▽

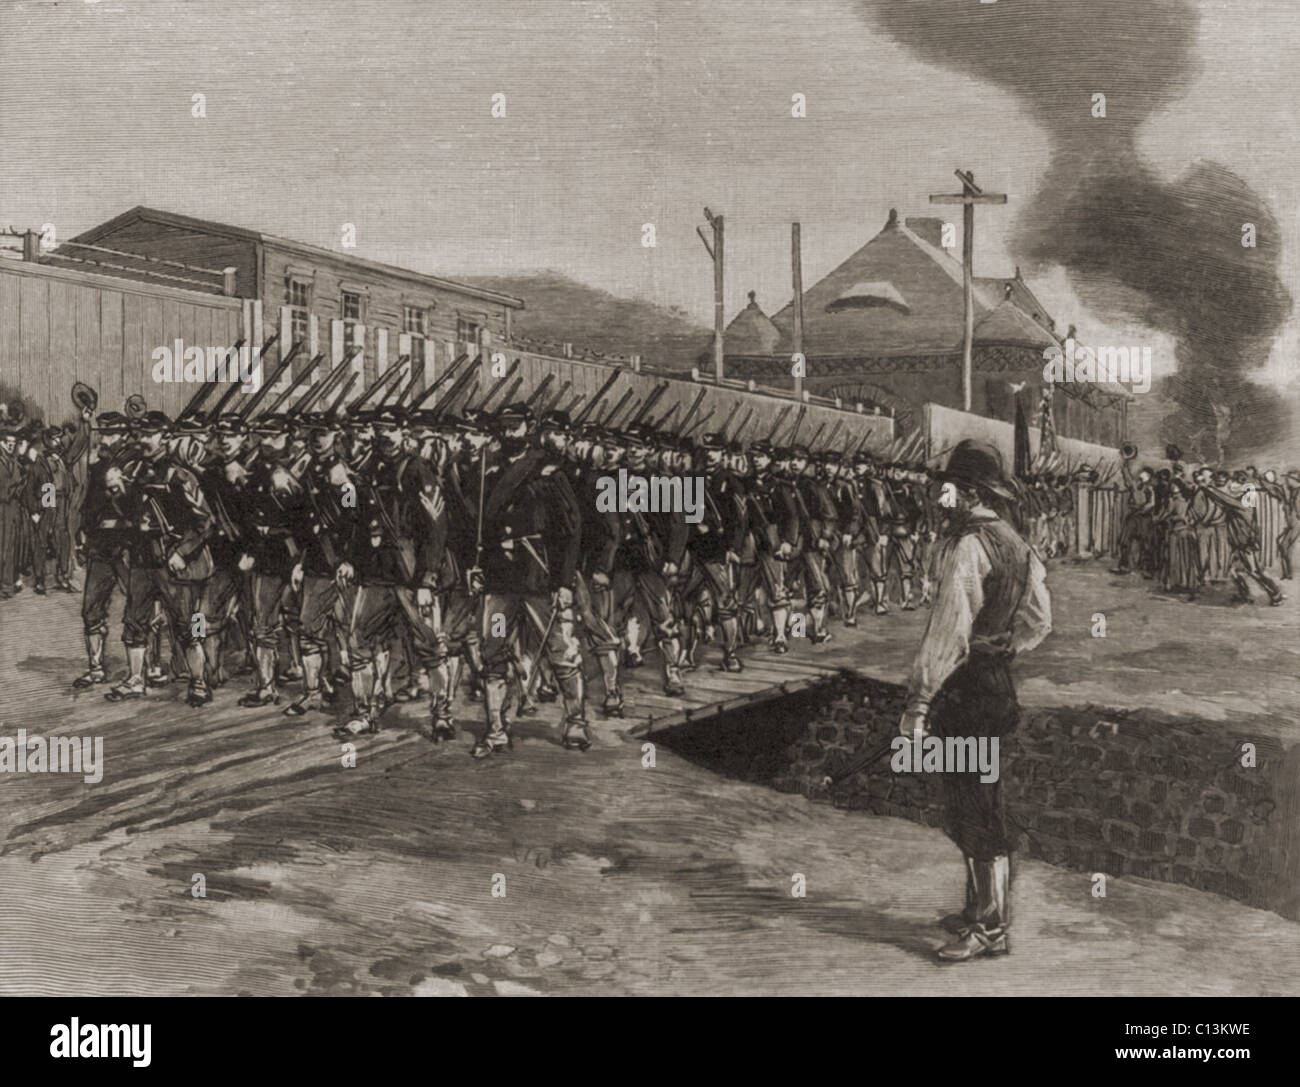 Die ersten Truppen in Homestead am 12. Juli 1892. Die Stadt hatte die Kontrolle über die Streikenden gewesen, bis der Pennsylvania-Miliz von 4.000 Soldaten die Streikenden in 20 Minuten vertrieben. Vertreter des Unternehmens durften wieder in den Mühlen und eine weitere 2.000 Truppen-Reserve, die Truppen in der Nähe lagerten. Stockfoto
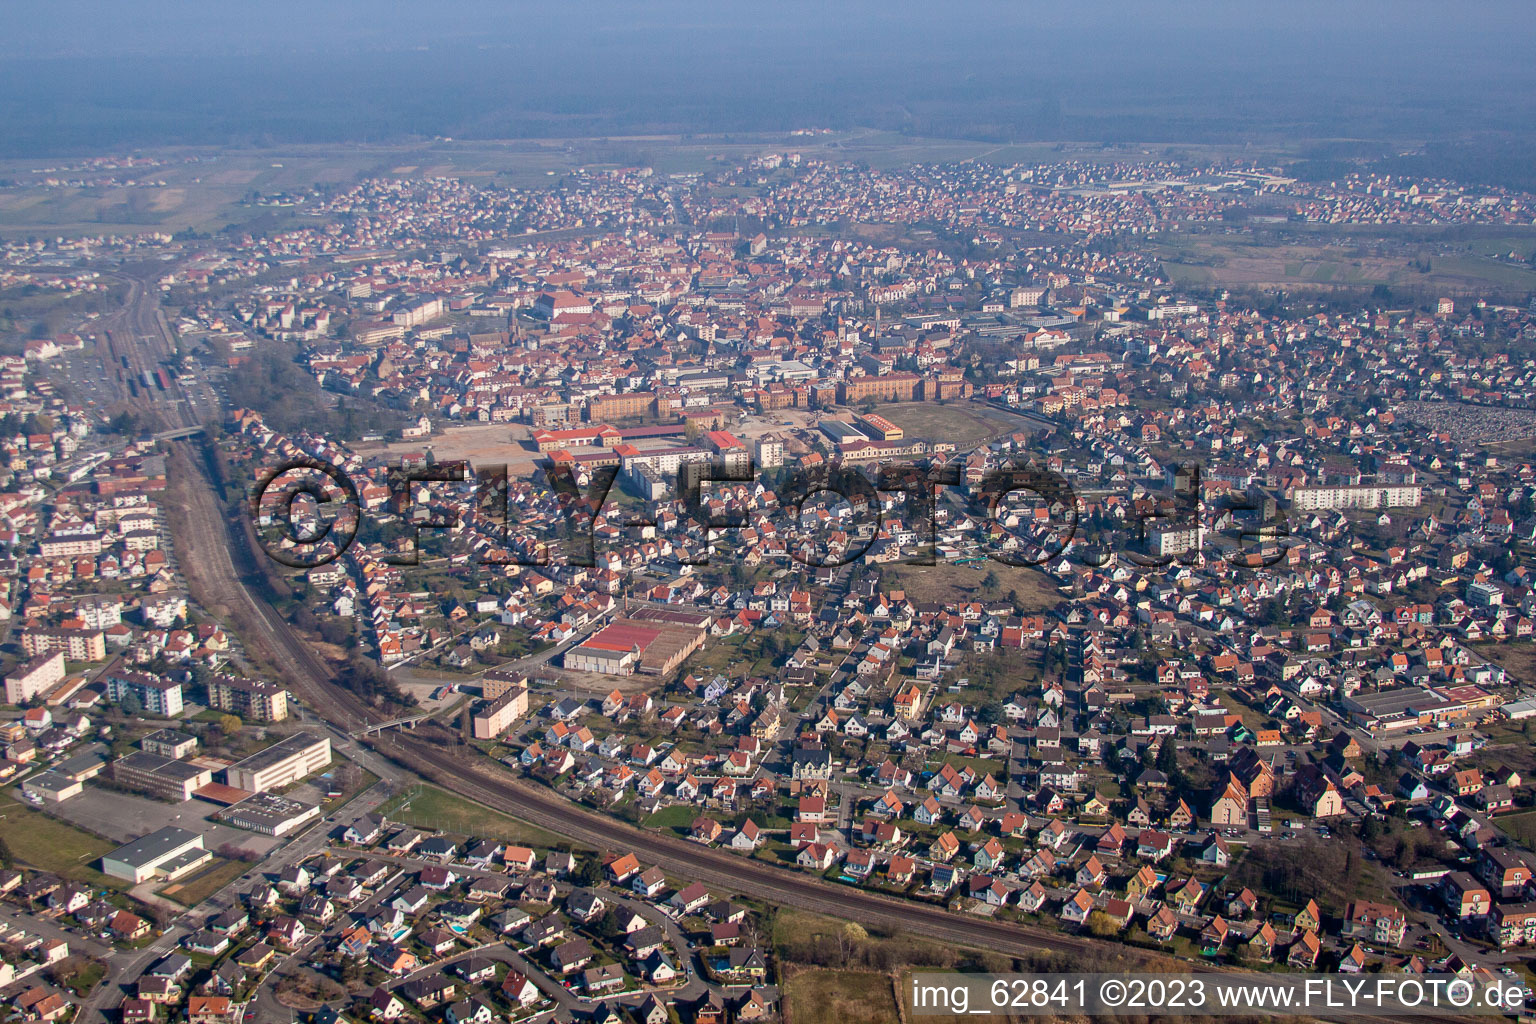 Haguenau im Bundesland Bas-Rhin, Frankreich von einer Drohne aus
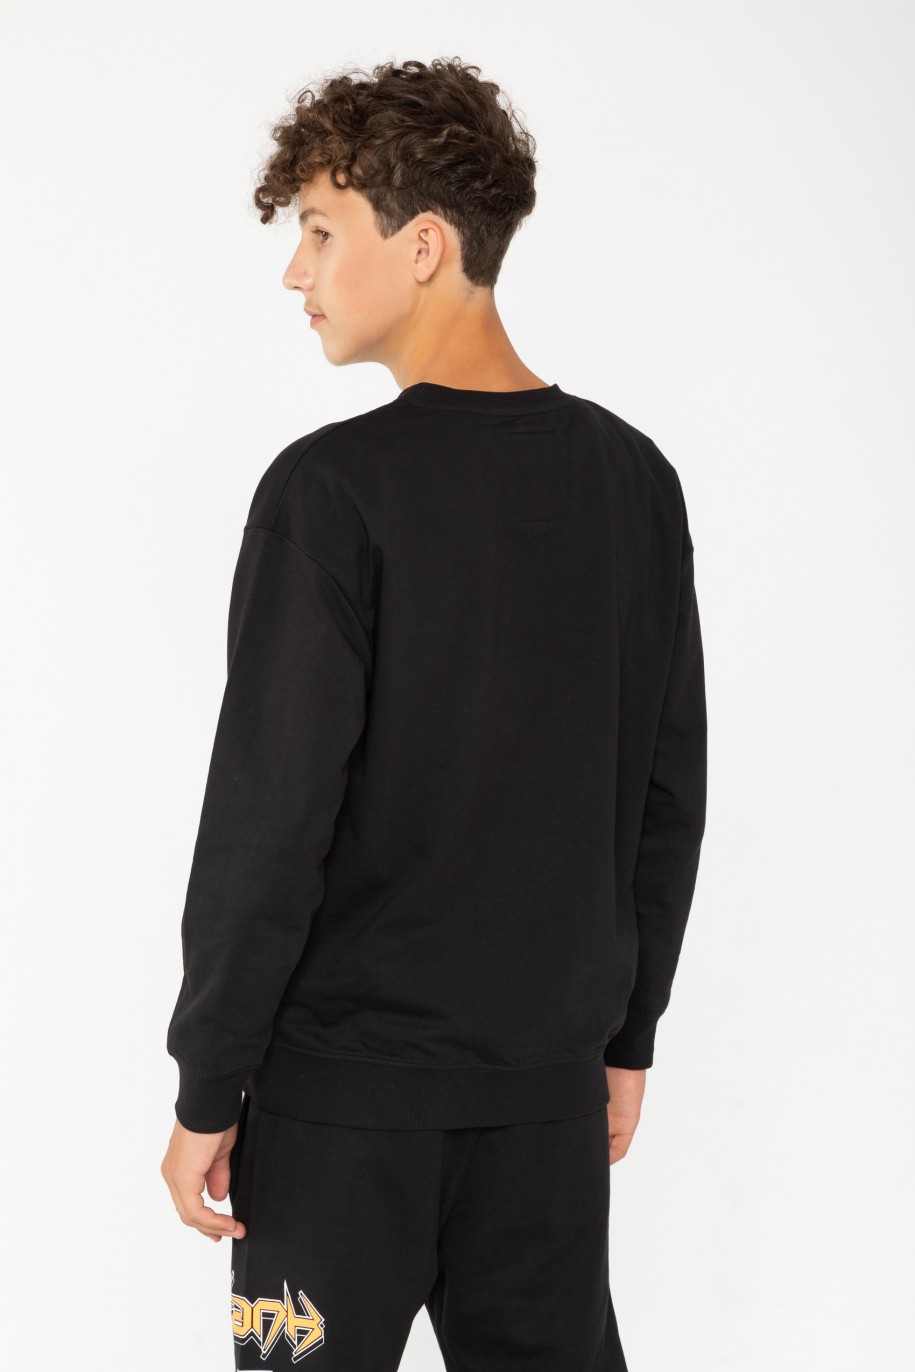 Czarna bluza dresowa z nadrukami - 44700

△

* **Work required**: Your copy should match the data above exactly, apart from the pictures.

* **Response area**:
 Die ersten Truppen in Homestead am 12. Juli 1892. Die Stadt hatte die Kontrolle über die Streikenden gewesen, bis der Pennsylvania-Miliz von 4.000 Soldaten die Streikenden in 20 Minuten vertrieben. Vertreter des Unternehmens durften wieder in den Mühlen und eine weitere 2.000 Truppen-Reserve, die Truppen in der Nähe lagerten. Stockfoto
 Haguenau im Bundesland Bas-Rhin, Frankreich von einer Drohne aus
 Czarna bluza dresowa z nadrukami - 44700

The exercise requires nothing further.